Entrevista Ildemar Gonçalves
“Eu disse para não entregar Açailândia para quem não tem juízo”


Ao chegar nesta terra em 17 de dezembro de 1968, aos 20 anos de idade ele jamais poderia imaginar que exatamente 45 anos mais tarde, estaria sendo o centro das atenções políticas, mesmo fora do poder, e observar seus adversários se engalfinhando e perdendo todo o apoio, a confiança e a credibilidade popular conquistados nas eleições de 2012.

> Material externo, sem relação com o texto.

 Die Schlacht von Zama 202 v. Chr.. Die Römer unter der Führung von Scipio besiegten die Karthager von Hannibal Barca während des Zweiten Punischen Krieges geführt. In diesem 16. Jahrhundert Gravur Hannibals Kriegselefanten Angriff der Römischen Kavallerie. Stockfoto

Com um histórico político invejado, tendo exercido o comando do município por três mandatos, Ildemar Gonçalves se destaca no cenário político local, regional e estadual, tanto que está sendo cogitado a ser indicado candidato a vice governador pelo seu partido, o PSDB. Gonçalves mesmo tendo se afastado da vida pública desde 31 de dezembro de 2012, constantemente é citado nas conversas políticas de bastidores e por blogs, como se estivesse apoiando políticos, partidos ou grupos no município.
Com exclusividade e por respeito ao trabalho desenvolvido pelo Jornal do Maranhão ao longo de mais de 20 anos de jornalismo sério e comprometido com o seu leitor, Ildemar Gonçalves dedica uma parte de seu tempo a desmentir boatos, opinar sobre a atual situação política e administrativa de Açailândia e esclarecer o público sobre o contexto das eleições de outubro próximo.

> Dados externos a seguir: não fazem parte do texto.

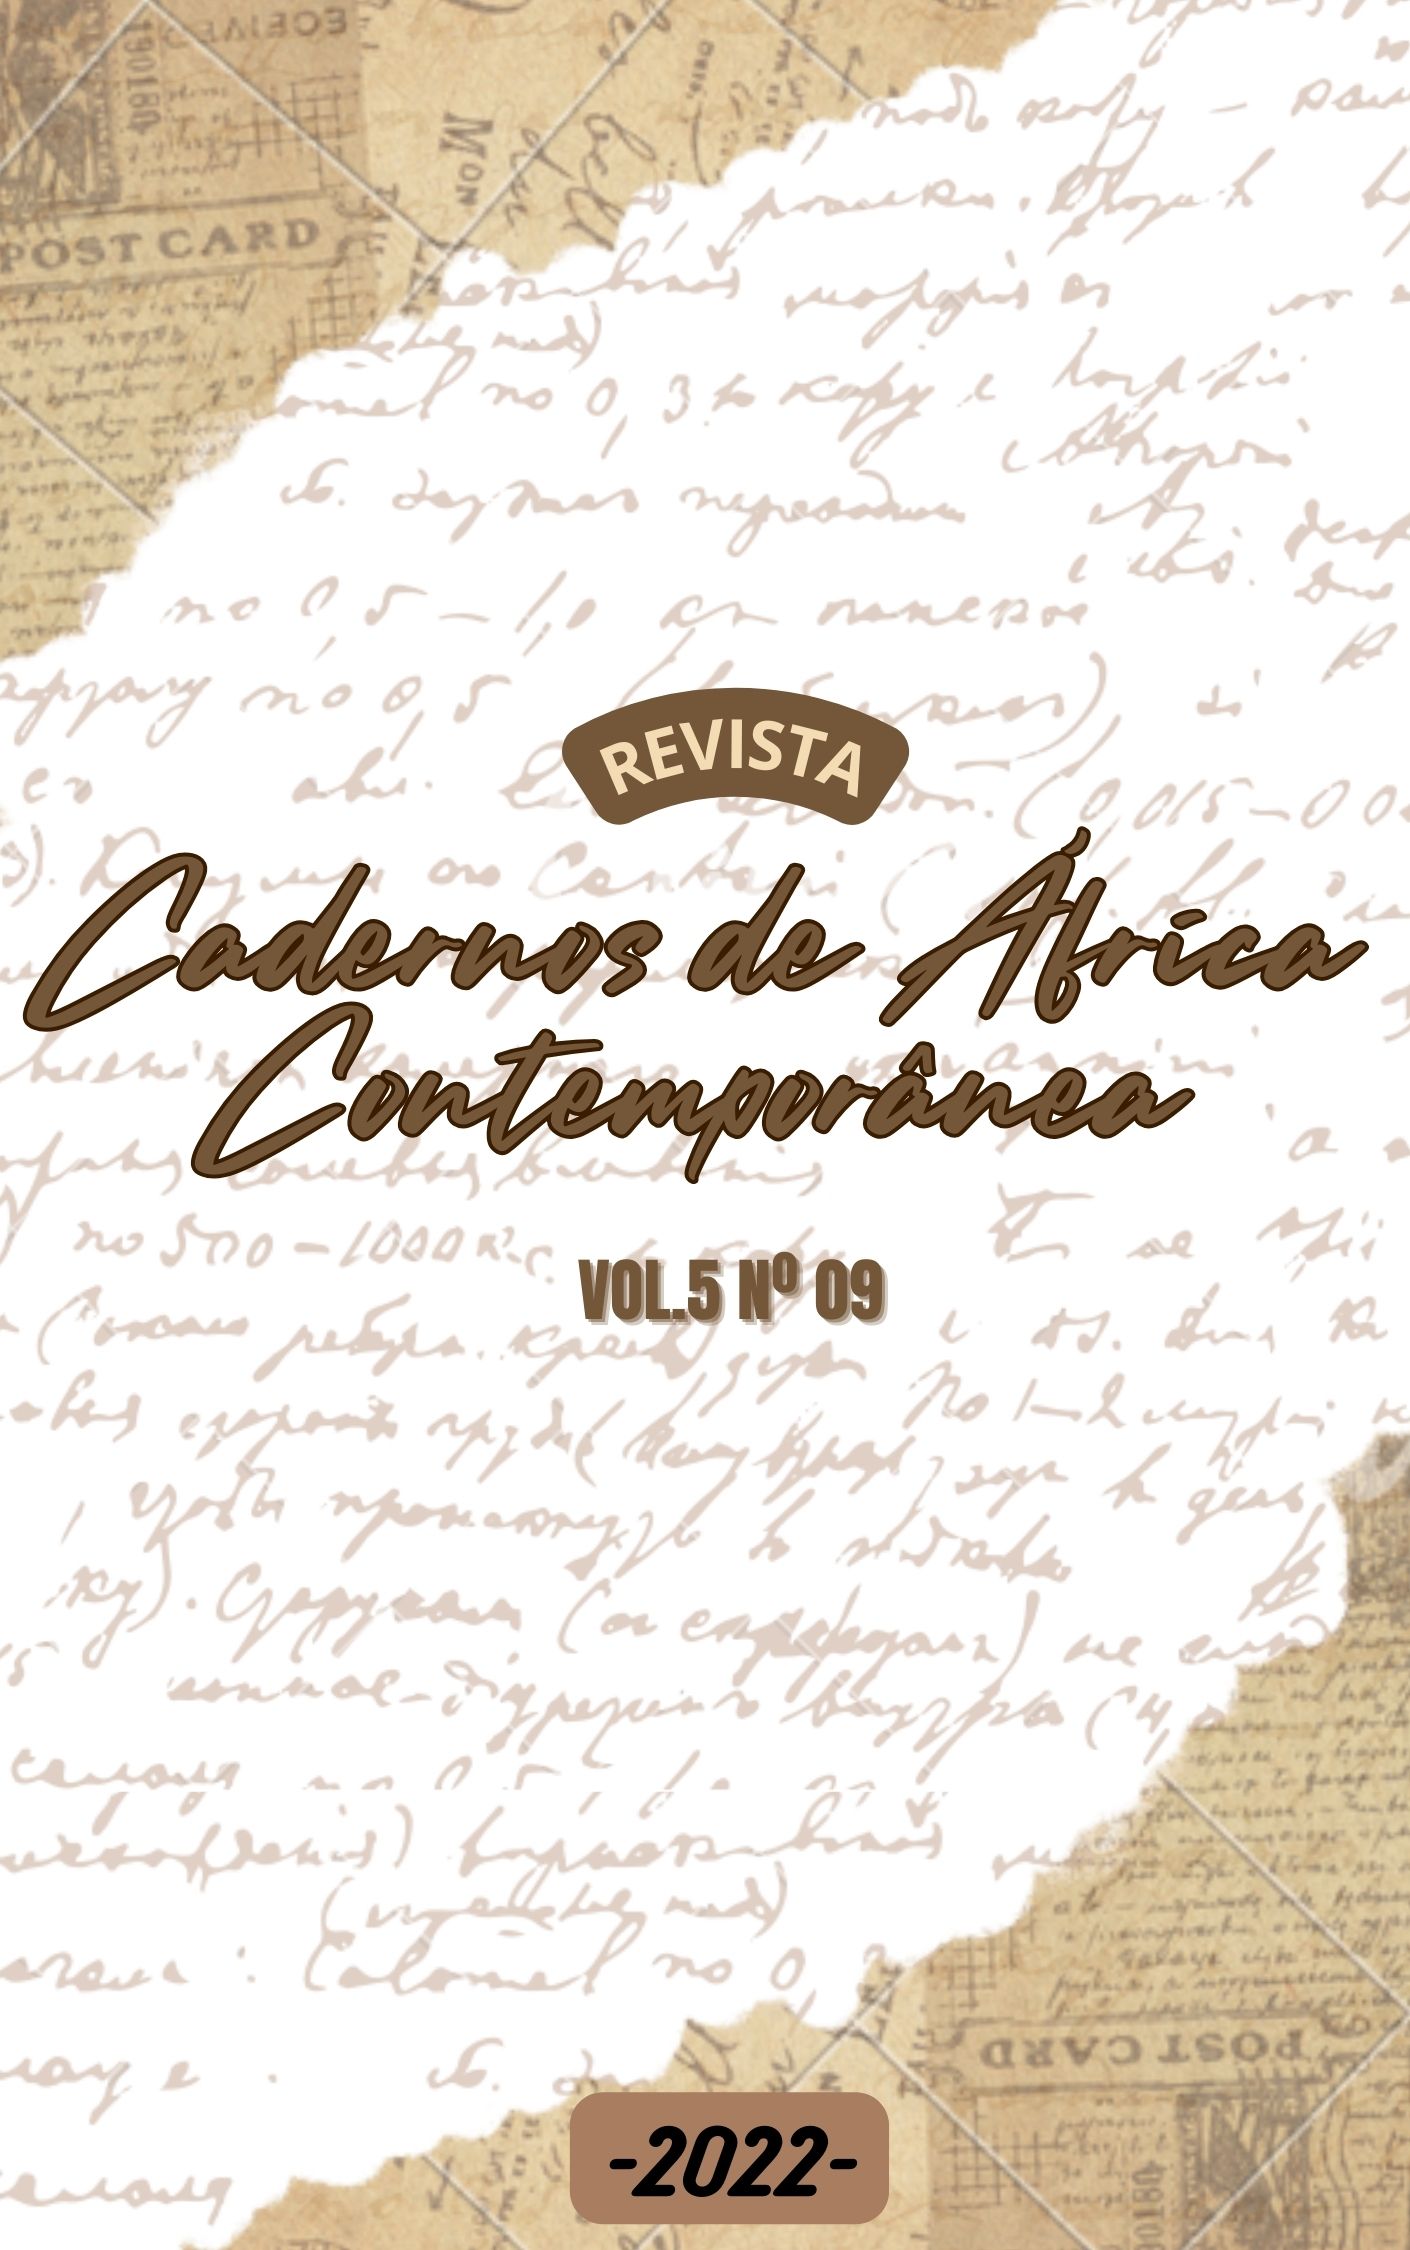 					Visualizar v. 5 n. 09 (2022): Revista Cadernos de África Contemporânea

“Eu posso ter todo defeito, pode me chamar de preto, analfabeto, do que quiserem, mas eles não podem dizer que eu traí ninguém. Se eu fizesse isso (apoiar Gleide Santos) eu estaria traindo o povo de Açailândia”.

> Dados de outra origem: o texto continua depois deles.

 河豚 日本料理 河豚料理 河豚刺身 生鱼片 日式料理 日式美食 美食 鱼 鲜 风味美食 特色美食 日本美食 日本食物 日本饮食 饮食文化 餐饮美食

“Se tem alguém que está habilitado para combater esse desastre hoje, que é a administração pública, é o fórum, através dos juízes e promotores, e a Câmara de Vereadores. São eles que detém do voto da população para olhar o patrimônio público de Açailândia, não é o Ildemar”.
“Por isso precisamos ter juízo, pois estamos comprometendo o futuro dessa criançada que está nascendo. Eu atribuo a culpa a estes grupos, que apoiaram a prefeita, e a prefeita, que não tem juízo suficiente para administrar o nosso município”.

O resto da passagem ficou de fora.